Handbook of Descriptive Statistics/Introduction

From Wikibooks, open books for an open world
Jump to navigation Jump to search

A distribution is a collection of measurements of a single phenomenon. If the number of responses is small, just listing them all may be adequate description. In this case, no summarization or data reduction is needed. However, if the number of measurements is large, a full list may fail as a communication or analysis tool.

Happily, distributions can be summarized. Some summaries are very brief and provide just a little description. For instance, the mean is a one number summary that captures just one aspect of a set of numbers. There are six aspects of a distribution that may warrant consideration when summarizing.

Sample size[edit | edit source]

The number of subjects or items measured is often of fundamental interest. For instance, we might be examing a distribution of the heights of college students containing measurements on 1,234 subjects.

Scale and precision[edit | edit source]

The type of data you are dealing with (continuous, categorical, ordinal, etc.) influences many of the choices you must make about how to describe and analyze your data. The units of measure (inches, kilos, %, mmol, drachmas per acre of corn, etc.) should be noted. For our example, the data were recorded in inches to the nearest 0.1 inch. In other words, measurements were rounded to the nearest tenth of an inch before recording. For categorical data, the "scale" is just the names of the categories. If we also recorded the gender of the students, we might have three categories: "Male," "Female" and "Unknown."

Central tendency[edit | edit source]

Along the scale, about where do the data lie? Theoretically, adult human height is measured on a scale that goes on to infinity. However, most of the measurements we will observe center around a value of 68 inches (5'-8"). There are a large variety of ways to describe the central tendency. For continuous data, the mean (or average) is often calculated. But the mean has limitations and other measures of central tendency are useful: median, geometric mean, mode, etc.

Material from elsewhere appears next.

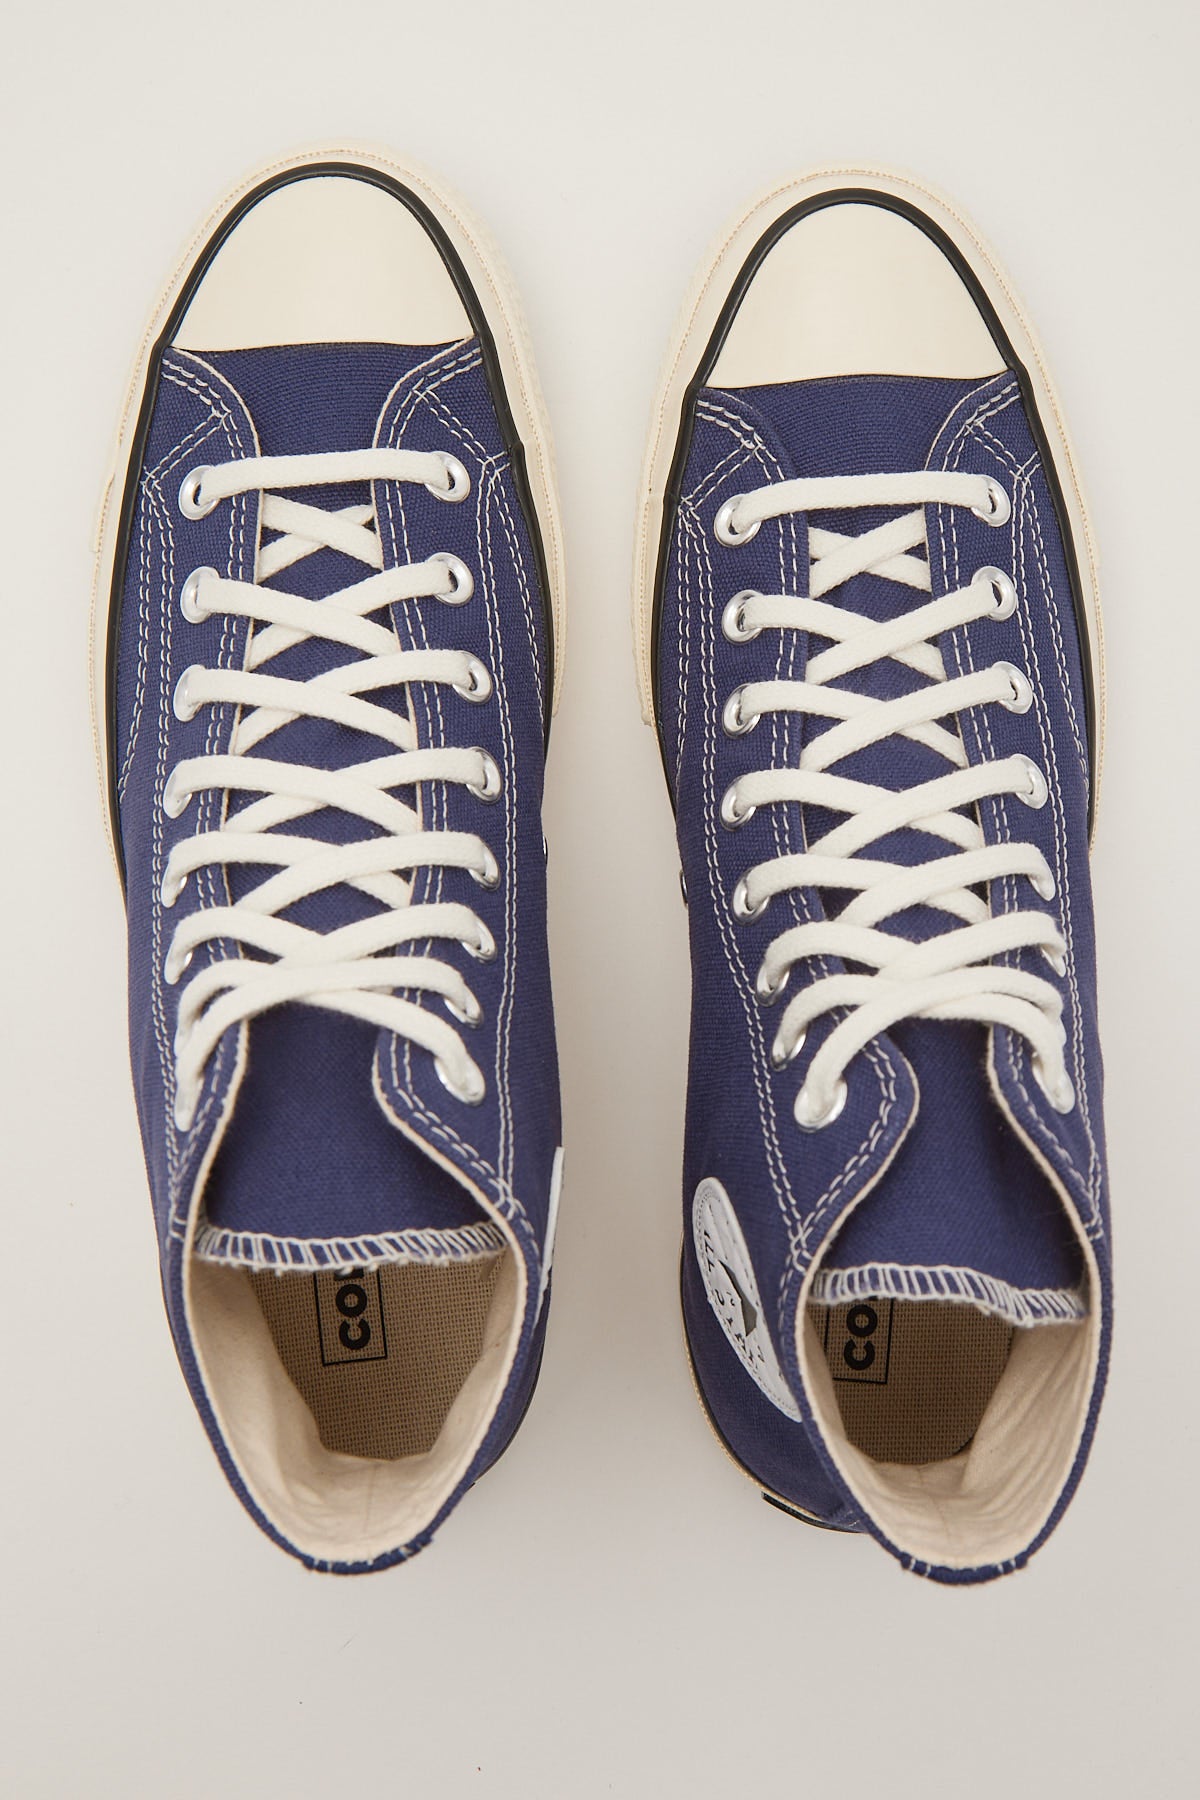 Converse Chuck 70s Unchatered Waters
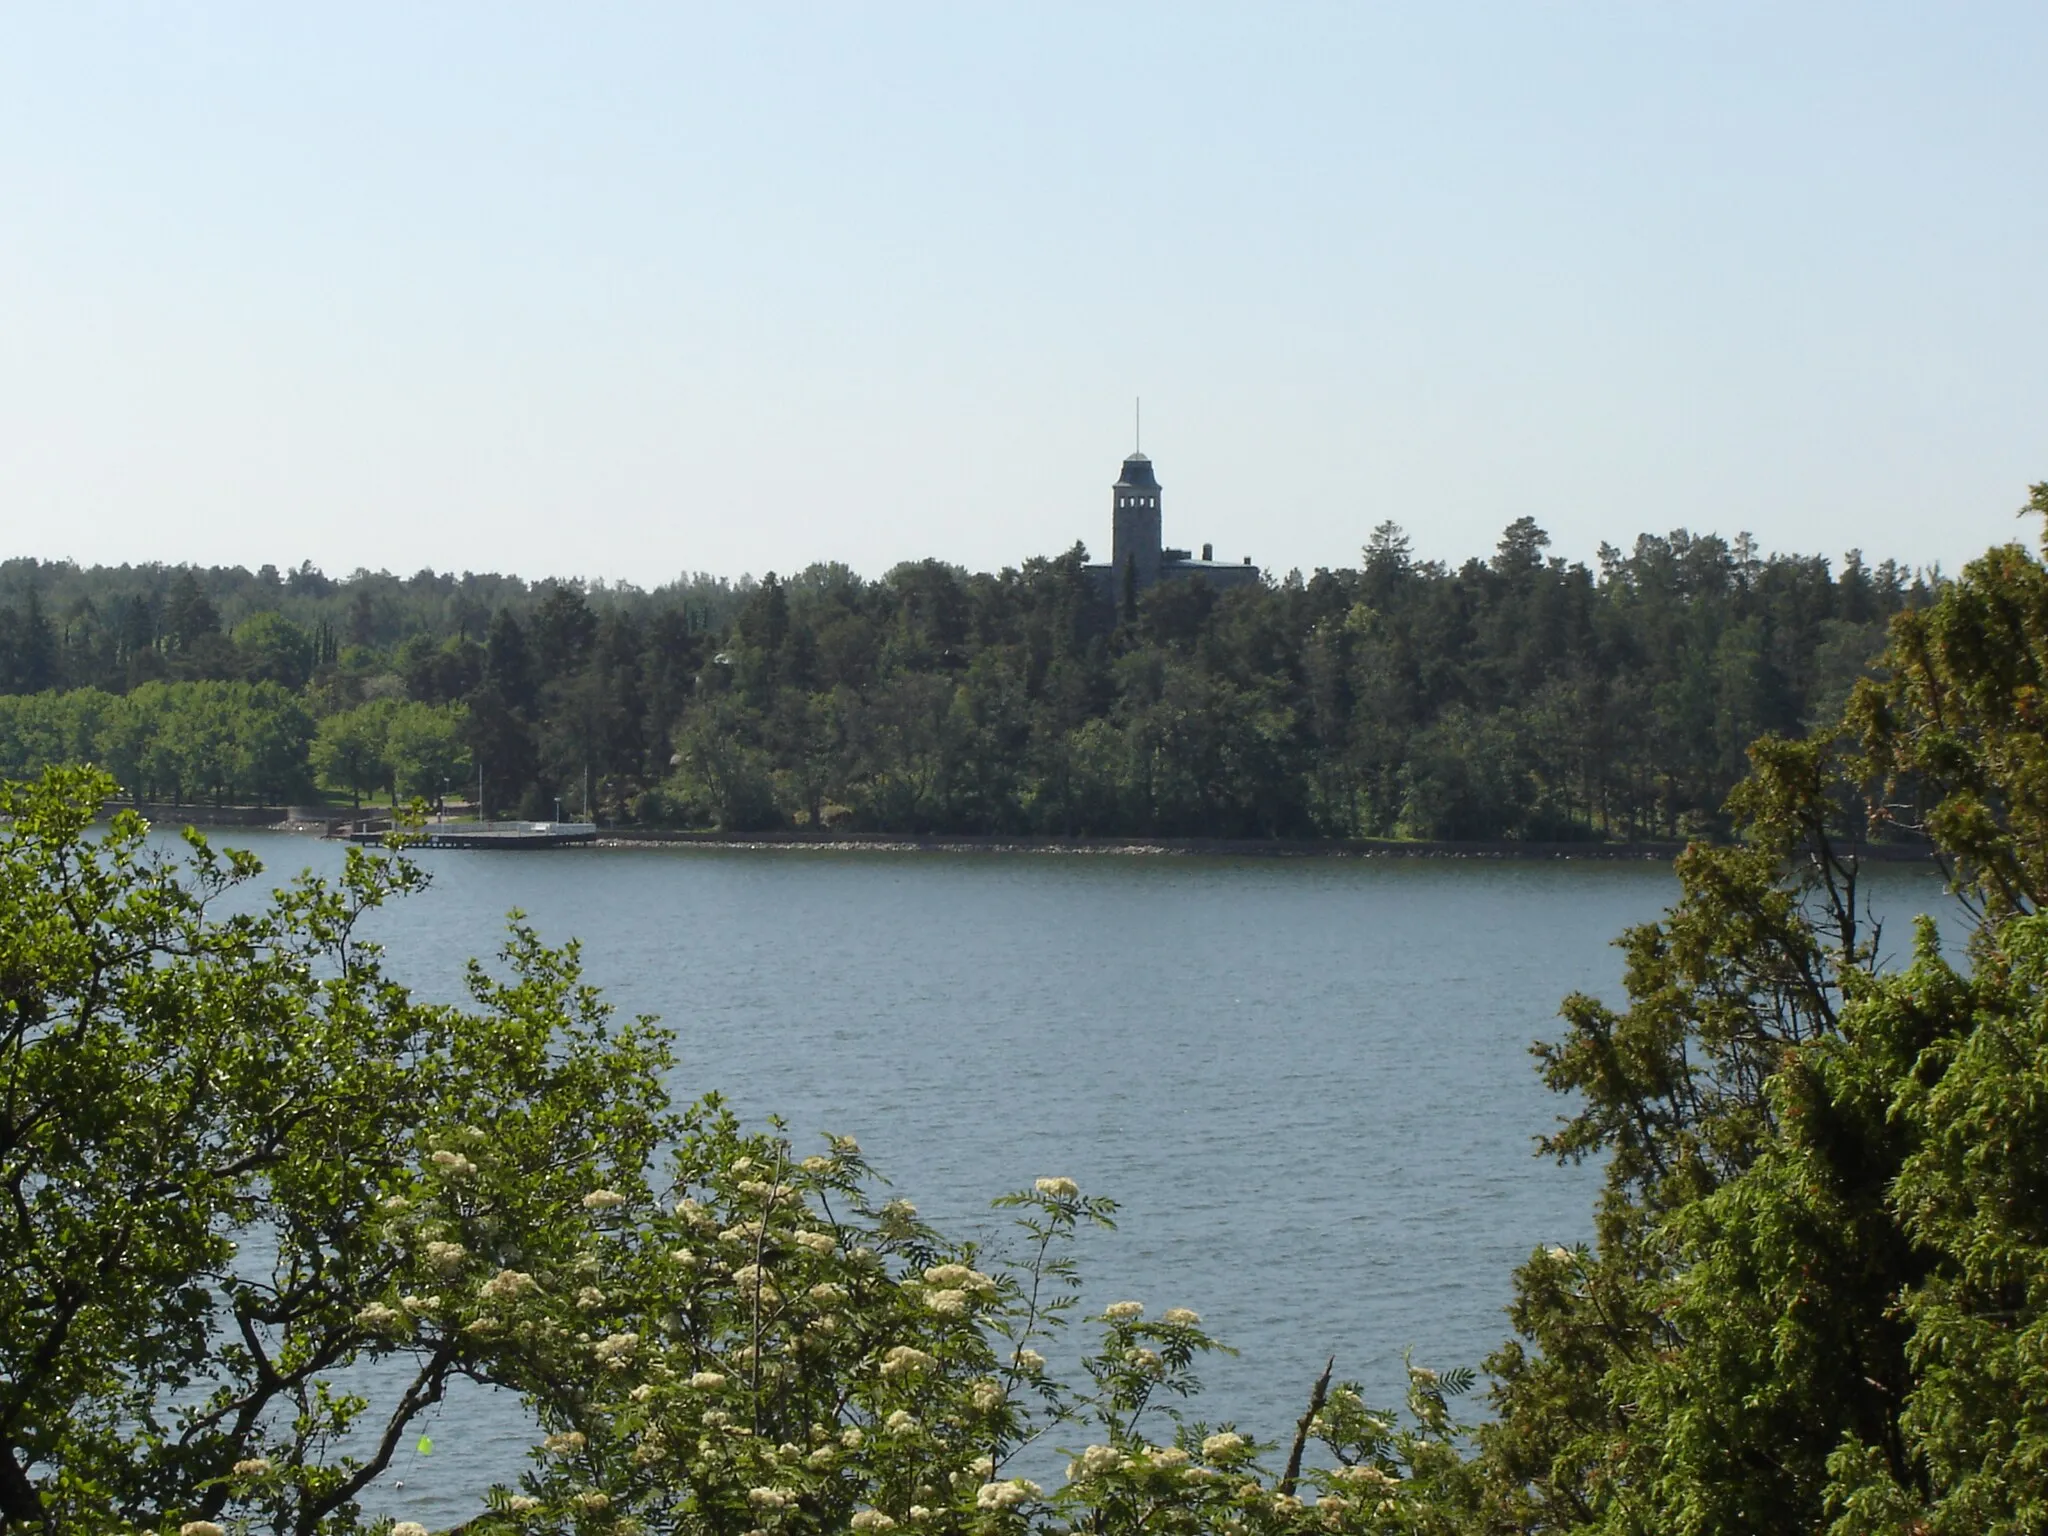 Photo showing: Kultaranta Castle, the summer residence of the President of Finland, in Naantali, Finland

Spread[edit | edit source]

Central tendency tell you where the data tend to be, but not all of the data will have the same value. Usually, some will be higher and some will be lower. The college students have heights that lie between about four feet (48 inches) and about 7 feet (84 inches). The spread in the data can be summarized in many ways: range, variance, standard deviation, inter-quartile range, etc.

Shape[edit | edit source]

Shape is the richest aspect of the distribution and often the most difficult to summarize. For many measurements, the bulk of the data occur at the middle and the number of observations tails off at higher and lower values. The classic normal distribution is one such distribution: it has a "bell-shape." If all the values in the range of data occur about as often as each other, then the shape is said to be "uniform" or "rectangular." If all the data tend to be at one end of the range, with a declining number of cases observed at the other, the distibution is said to be "skewed."

There are numerical methods for describing the shape of a distribution. For instance, the degree of skew can be calculated and reported. However, often the best way to describe the shape is to draw a picture of the data such as a histogram.

Outliers[edit | edit source]

Often, a small number of observations have values substantially above or below the bulk of the data. These outliers are sometimes disturbing or confusing, but they can be very, very, important. The best way to summarize outliers is often just to note them individually or highlight them in the graphical description.